● WORK TO COMPLETE:
Please take the lines from the one holding "abstract-blur-pastel-beautiful-peach-pin" through the one holding "A Foot drill" in the data below and copy them exactly.

● GIVEN DATA:
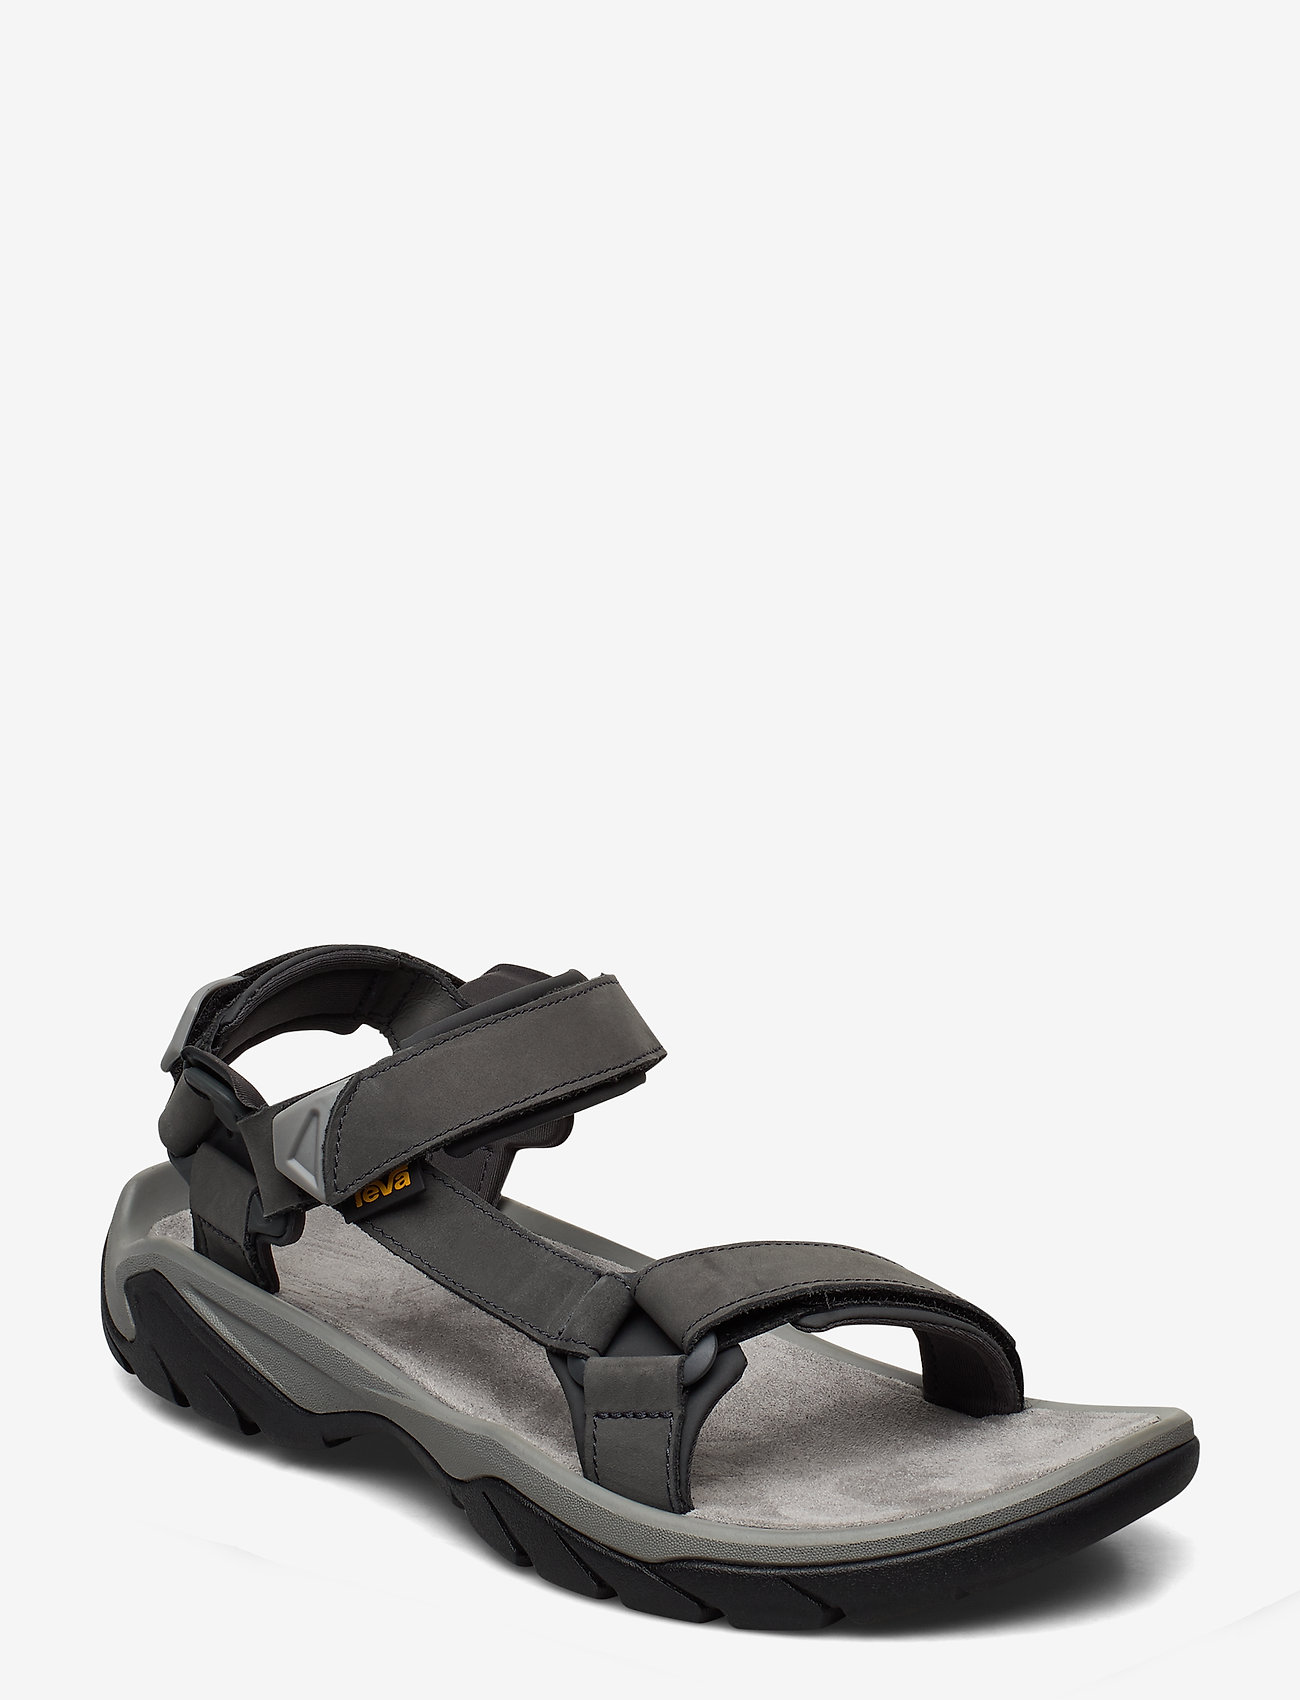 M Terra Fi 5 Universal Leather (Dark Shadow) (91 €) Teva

--

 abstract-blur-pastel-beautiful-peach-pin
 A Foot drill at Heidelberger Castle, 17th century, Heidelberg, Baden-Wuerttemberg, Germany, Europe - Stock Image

● TASK ANSWER:
 abstract-blur-pastel-beautiful-peach-pin
 A Foot drill at Heidelberger Castle, 17th century, Heidelberg, Baden-Wuerttemberg, Germany, Europe - Stock Image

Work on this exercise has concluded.